Straight outta photosphere: Open solar flux without coronal modeling

TL;DR

This paper introduces a method to directly estimate the open solar flux from photospheric magnetic field measurements without relying on coronal models, providing insights into solar magnetic field dynamics over multiple cycles.

Contribution

The authors developed a modified vector sum method that accurately reconstructs the open solar flux directly from photospheric magnetic fields, bypassing coronal assumptions and observations.

Findings

The method closely matches the open solar flux from PFSS models.

The vector's latitude follows the Hale cycle, pointing toward the positive hemisphere.

The best source surface height for matching flux is 2.4-2.5 solar radii.

Abstract

The open solar flux, that is, the total magnetic flux escaping the Sun, is one of the most important parameters connecting solar activity to the Earth.
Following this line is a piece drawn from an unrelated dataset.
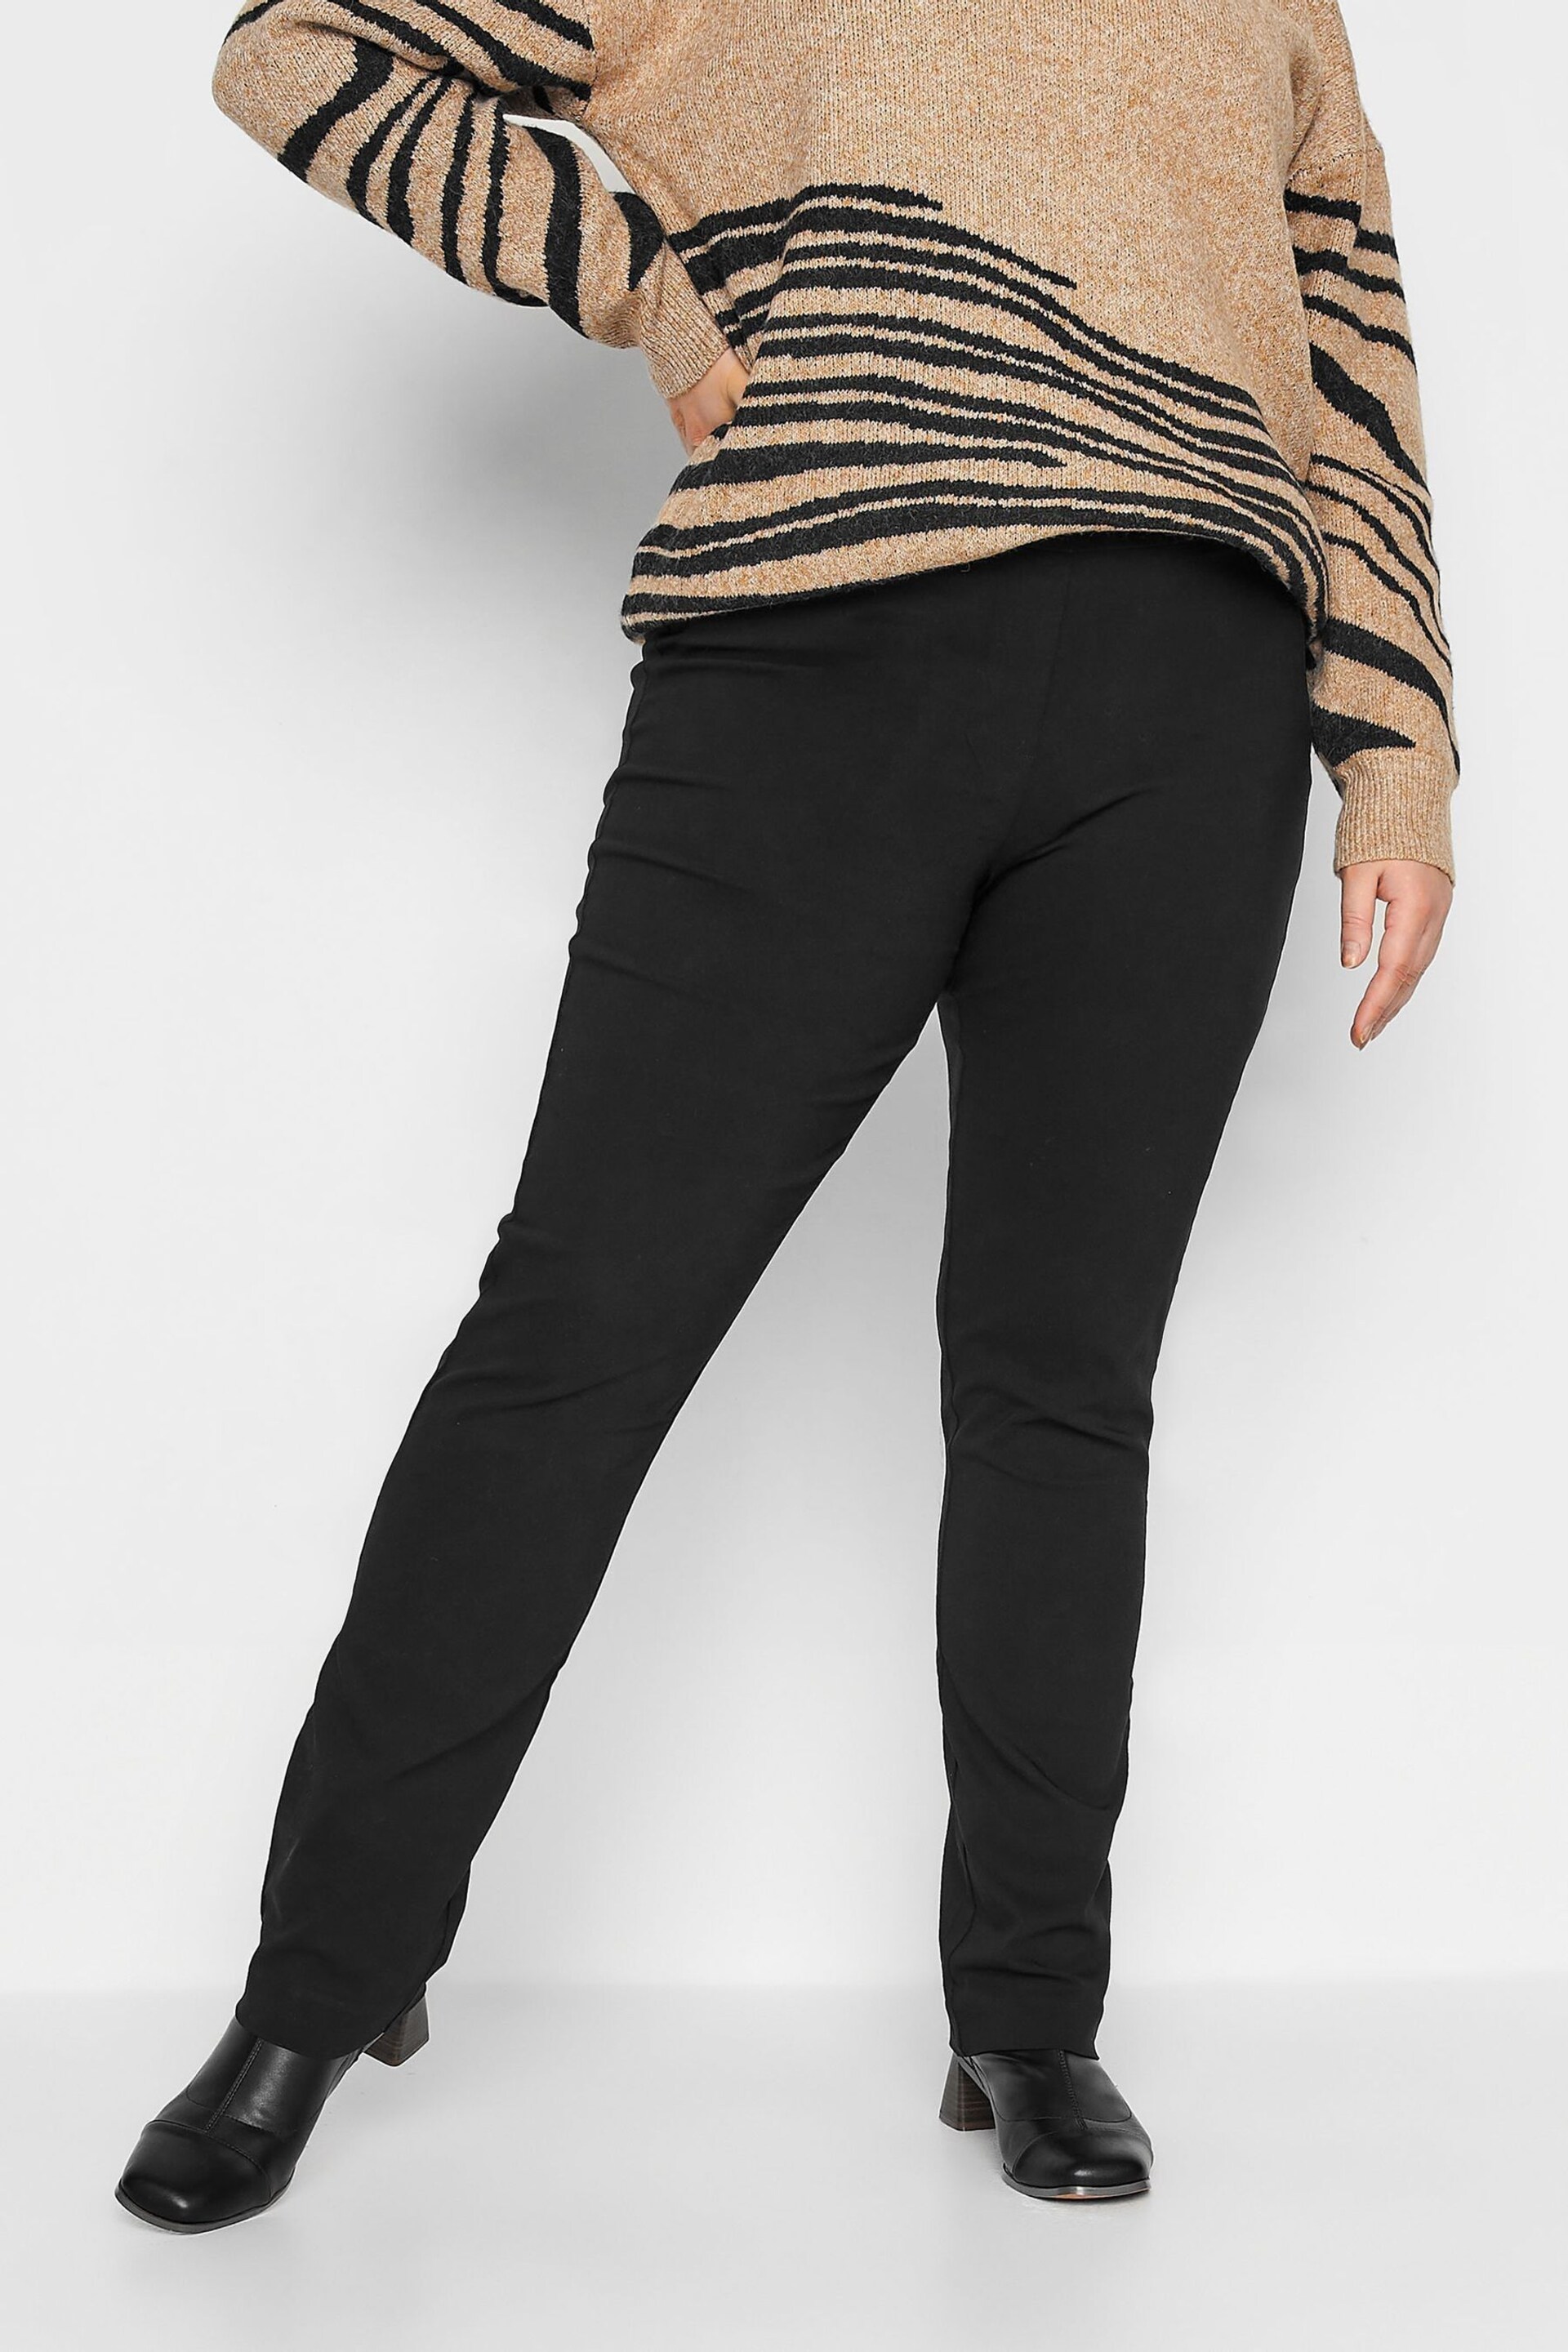 Long Tall Sally Black Stretch Straight Leg Trousers - Image 3 of 4

The open solar flux is commonly estimated from photospheric magnetic field measurements by making model assumptions about the solar corona. However, the question in which way the open solar flux is directly related to the distribution of the photospheric magnetic field is still partly unknown. We aim to reconstruct the open solar flux directly from the photospheric magnetic fields without making any assumptions about the corona and without using coronal hole observations, for instance. We modified an earlier vector sum method by taking magnetic field polarities into account and applied the method to the synoptic magnetograms of six instruments to determine the open solar flux from solar cycles 21-24. Results. The modified vector sum method produces a vector of the global solar magnetic field whose magnitude closely matches the open solar flux from the potential field source surface (PFSS) model both by the absolute scale and the overall time evolution for each of the six magnetograms. The latitude of this vector follows the Hale cycle by always pointing toward the dominantly positive-polarity hemisphere, and its longitude coincides with the location of the main coronal holes of the McIntosh Archive. We find multi-year periods during which the longitude of the vector slowly drifts or stays rather stationary in the Carrington frame. These periods are punctuated by times when the longitude moves rapidly in the Carrington frame. By comparing the magnitude of this vector to the open solar flux calculated from the PFSS model with different source surface heights, we find that the best match is produced with a source surface height $R_{ss} = 2.4 - 2.5R_\odot$.